## SUPPLIED MATERIAL:
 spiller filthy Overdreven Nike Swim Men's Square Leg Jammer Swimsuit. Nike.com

* * *

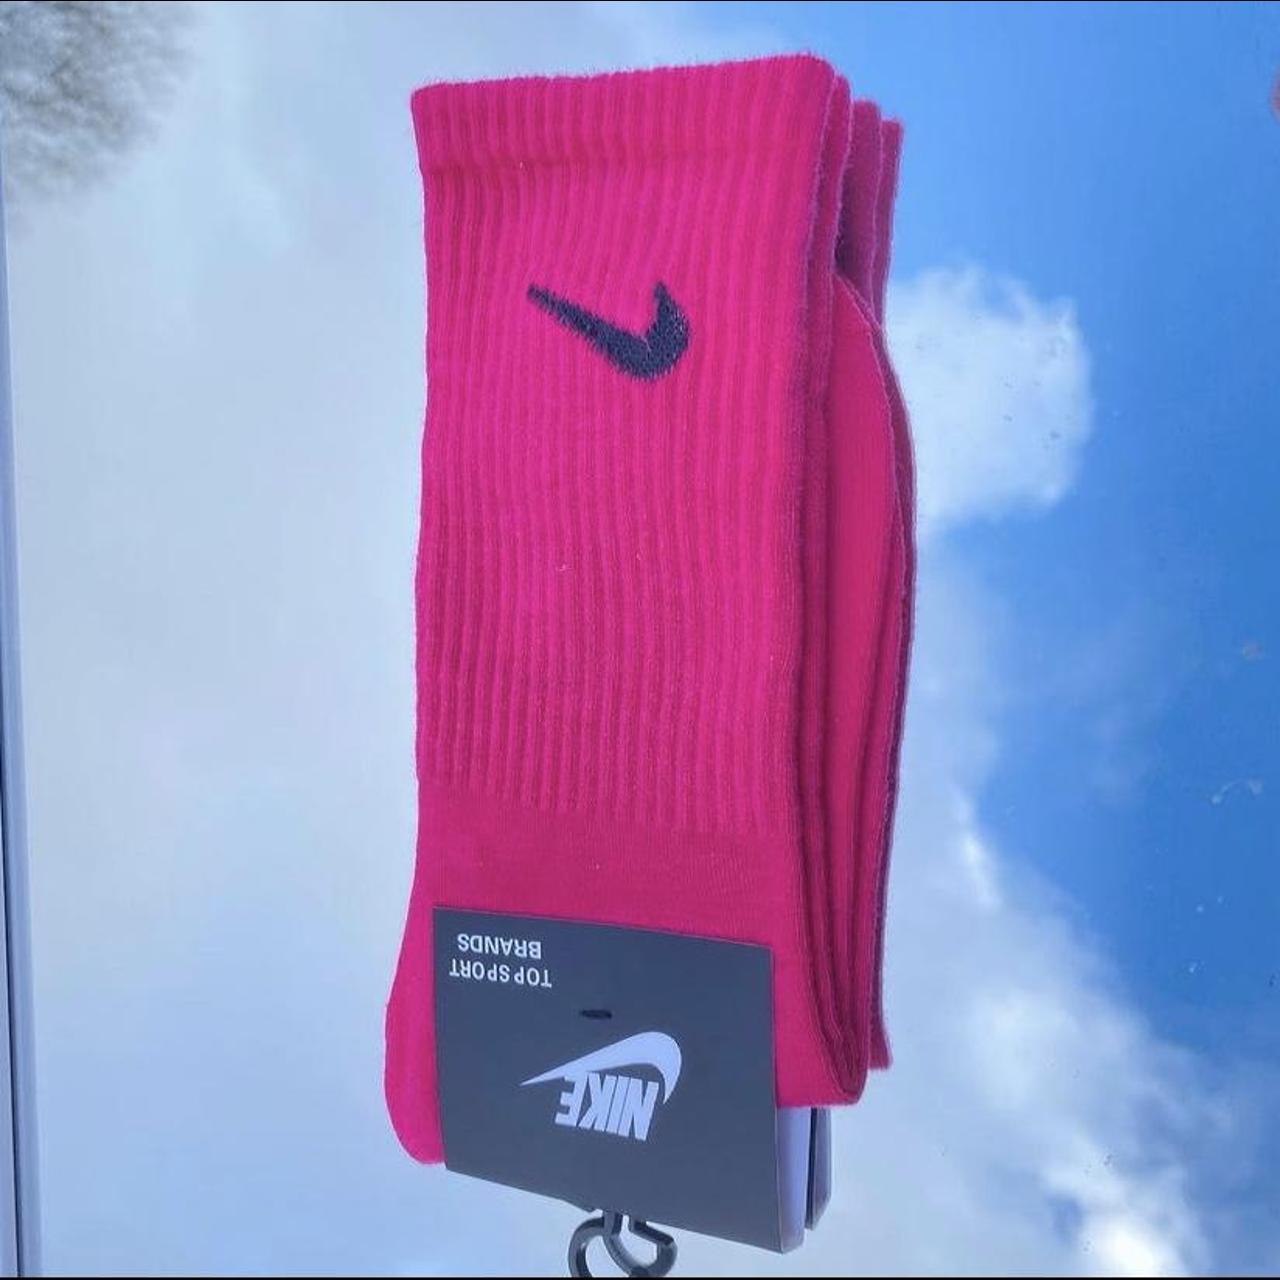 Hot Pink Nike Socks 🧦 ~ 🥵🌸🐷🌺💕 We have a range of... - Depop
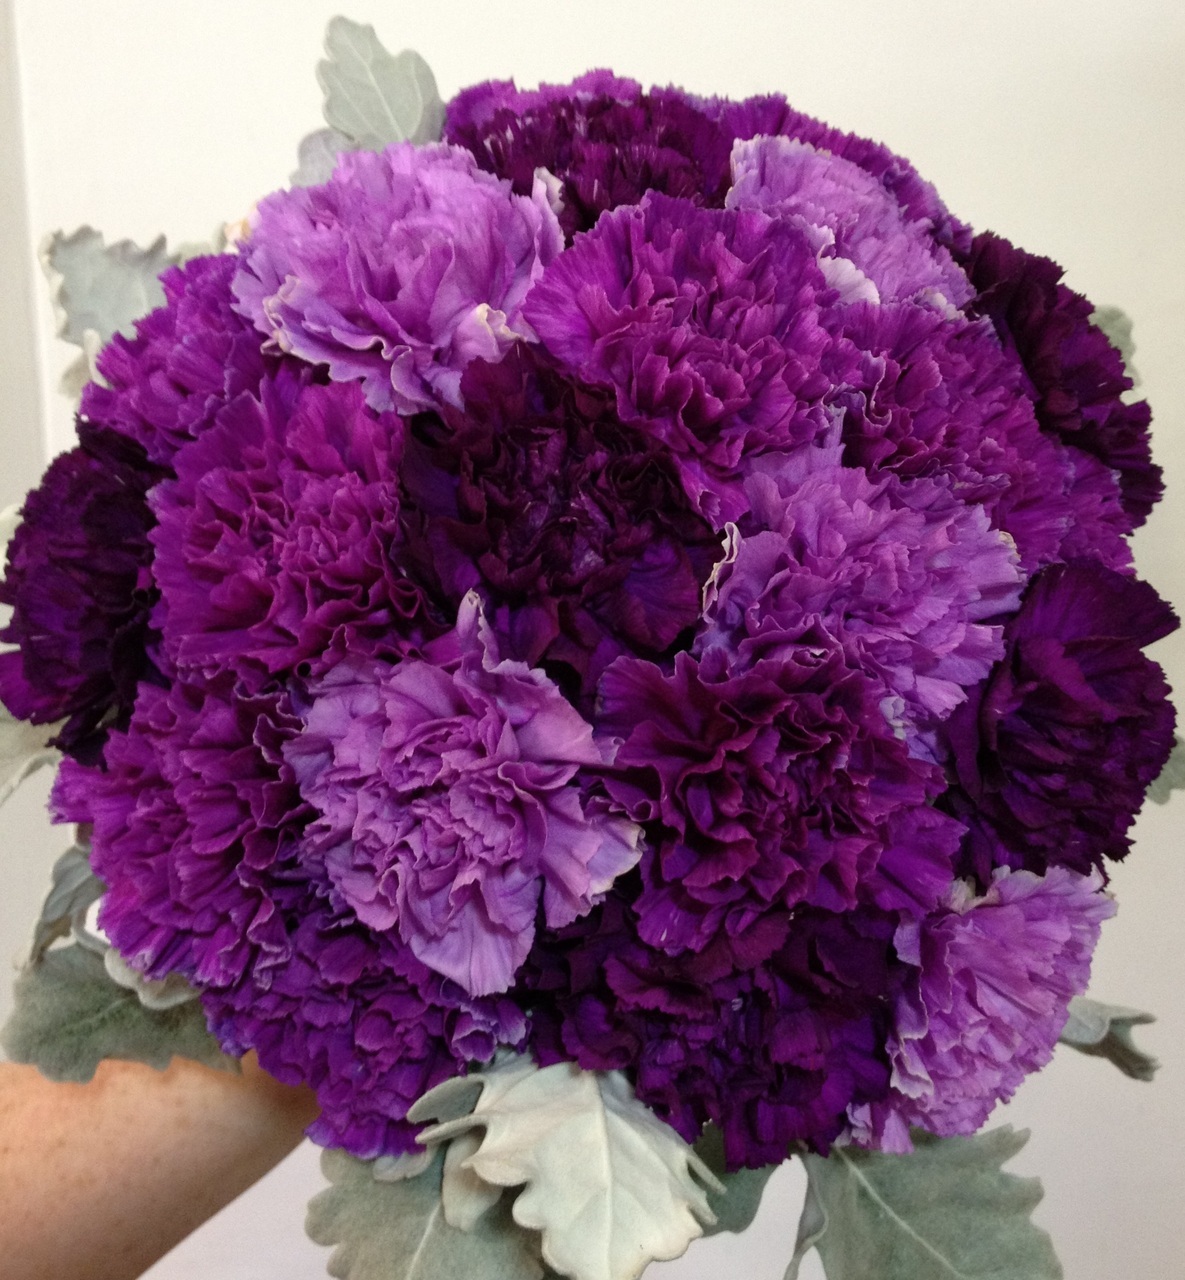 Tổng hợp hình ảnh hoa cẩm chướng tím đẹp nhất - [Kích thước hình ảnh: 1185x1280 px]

## INSTRUCTIONS FOR THE TASK:
Return, exactly as they stand, the lines above from the one with "Hot Pink Nike" to the one with "Tổng hợp hình", omitting any pictures among them.

## THE COMPLETED TASK:
 Hot Pink Nike Socks 🧦 ~ 🥵🌸🐷🌺💕 We have a range of... - Depop
 Tổng hợp hình ảnh hoa cẩm chướng tím đẹp nhất - [Kích thước hình ảnh: 1185x1280 px]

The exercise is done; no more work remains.